ASSIGNED TASK
Wherever a picture appears in the listing below, leave it out and reproduce the rest exactly.

DATA EXCERPT
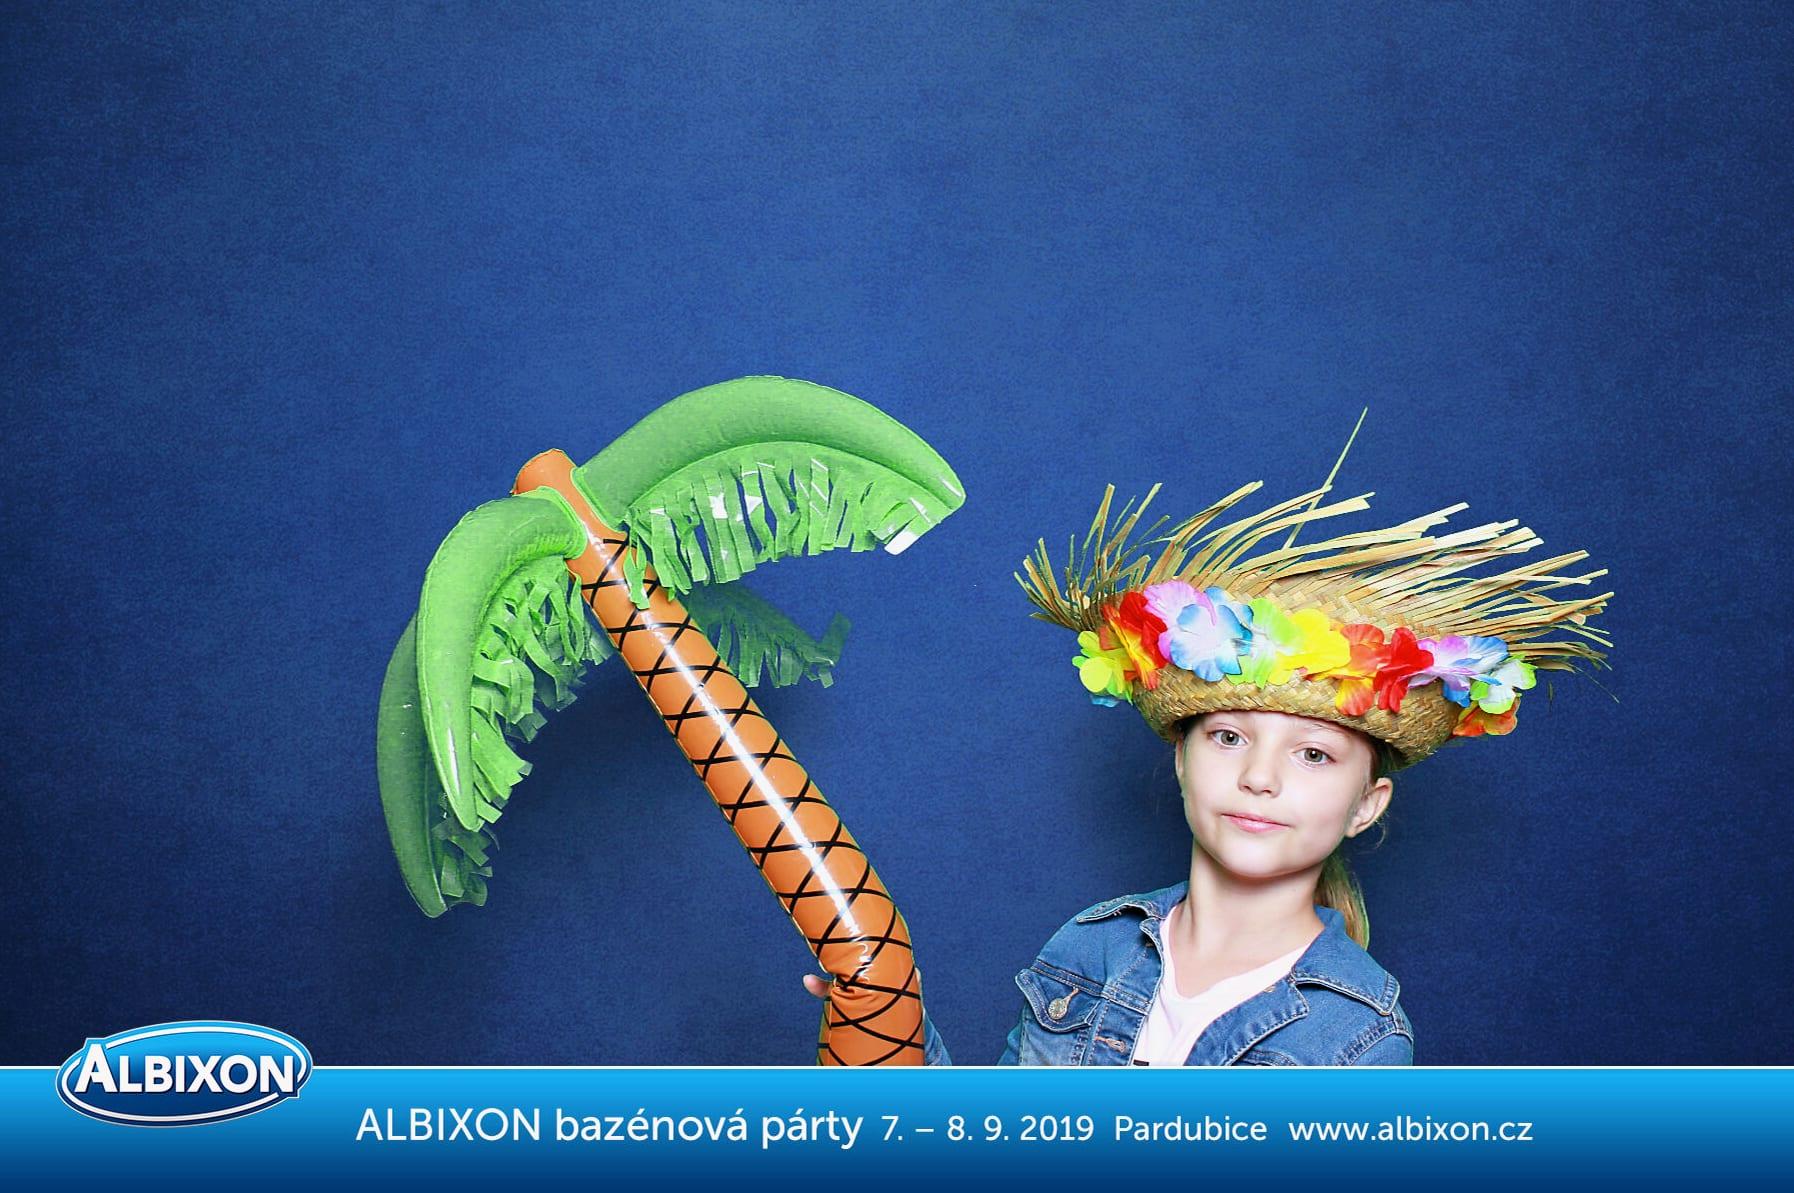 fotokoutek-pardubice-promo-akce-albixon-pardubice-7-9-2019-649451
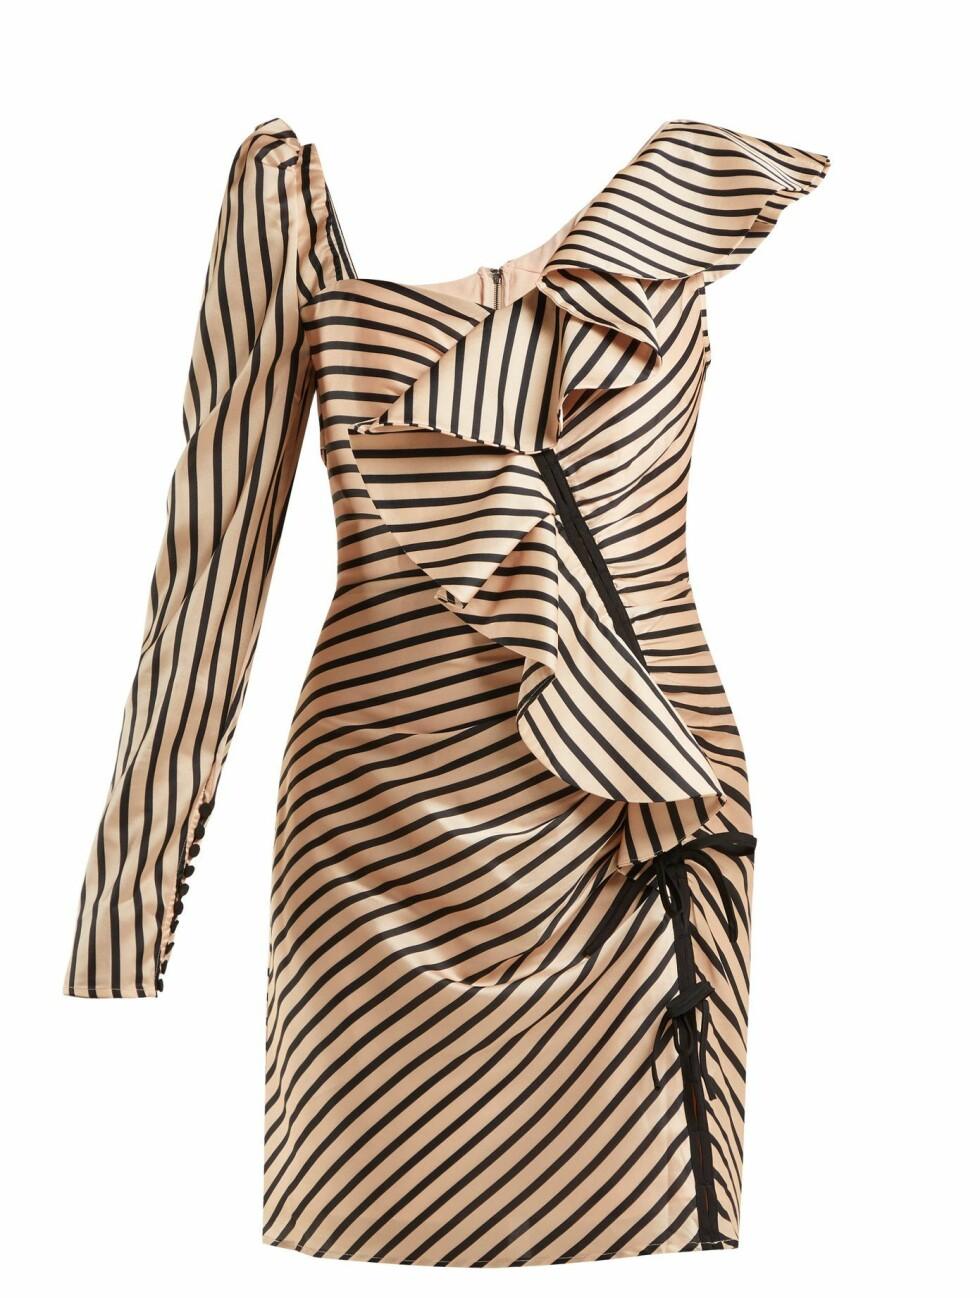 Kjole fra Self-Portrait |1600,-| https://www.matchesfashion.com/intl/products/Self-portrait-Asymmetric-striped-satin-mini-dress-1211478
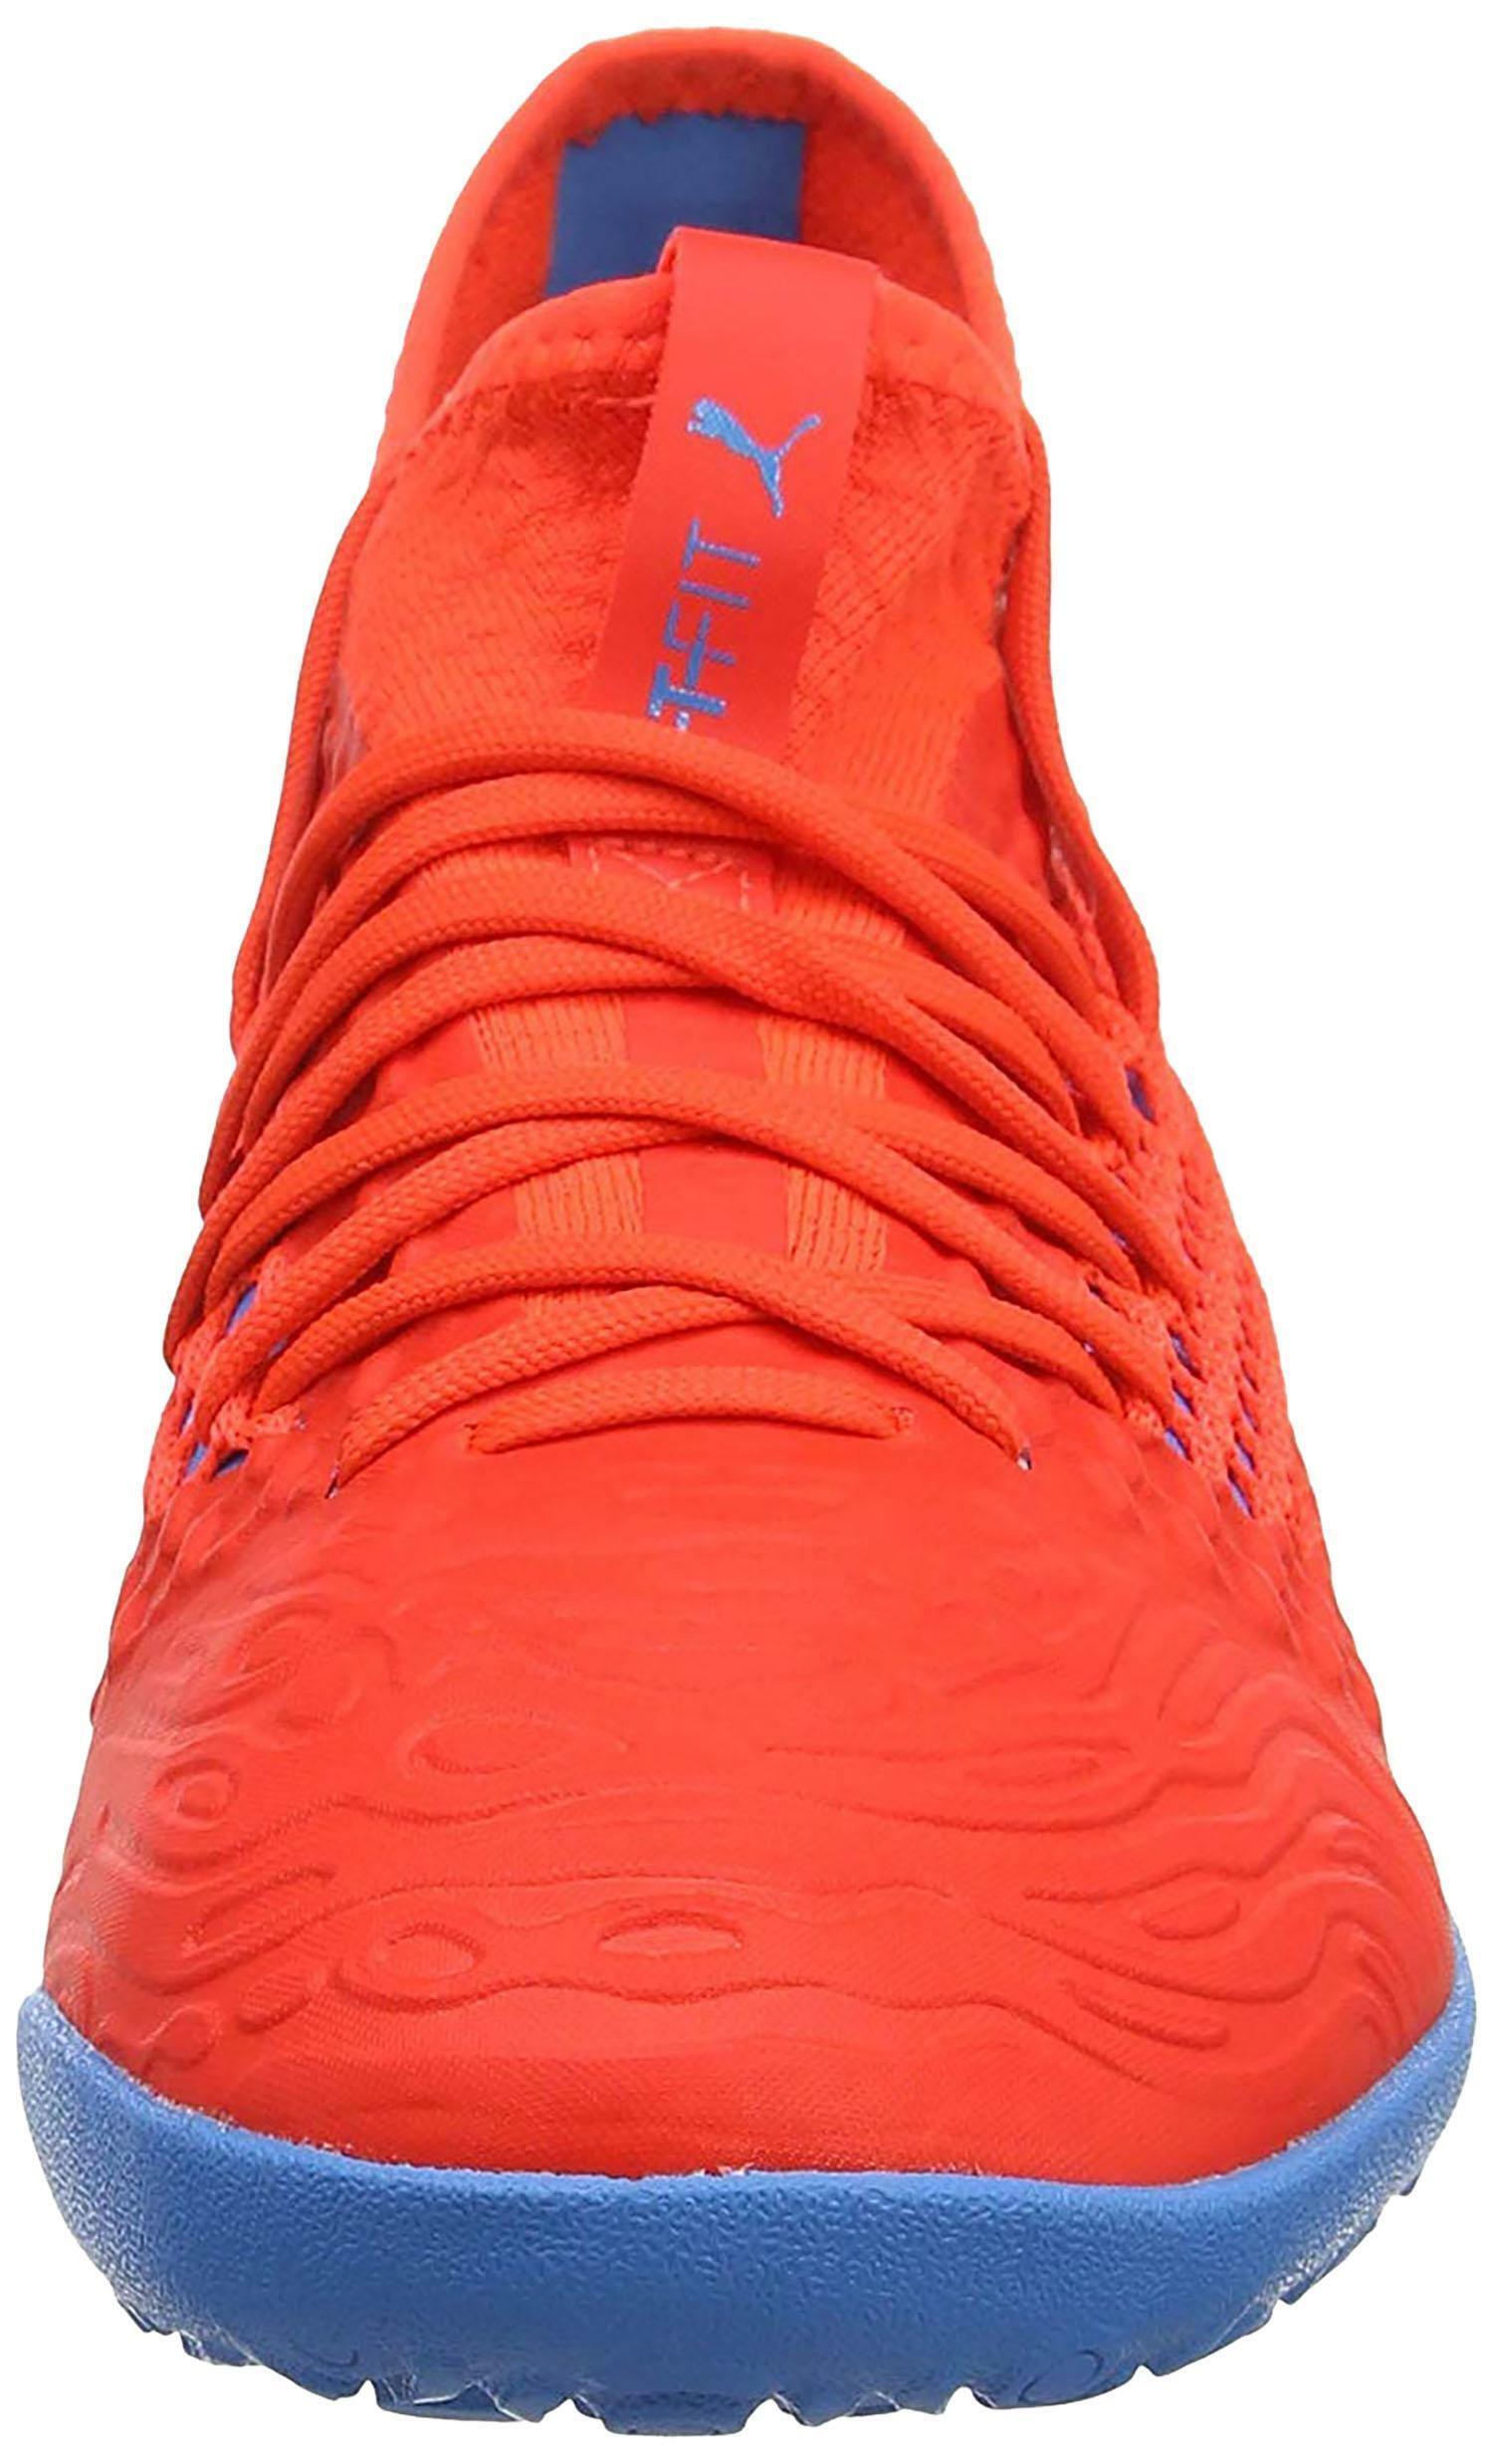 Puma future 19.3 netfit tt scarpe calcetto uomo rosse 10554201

EXERCISE SOLUTION
 fotokoutek-pardubice-promo-akce-albixon-pardubice-7-9-2019-649451
 Kjole fra Self-Portrait |1600,-| https://www.matchesfashion.com/intl/products/Self-portrait-Asymmetric-striped-satin-mini-dress-1211478
 Puma future 19.3 netfit tt scarpe calcetto uomo rosse 10554201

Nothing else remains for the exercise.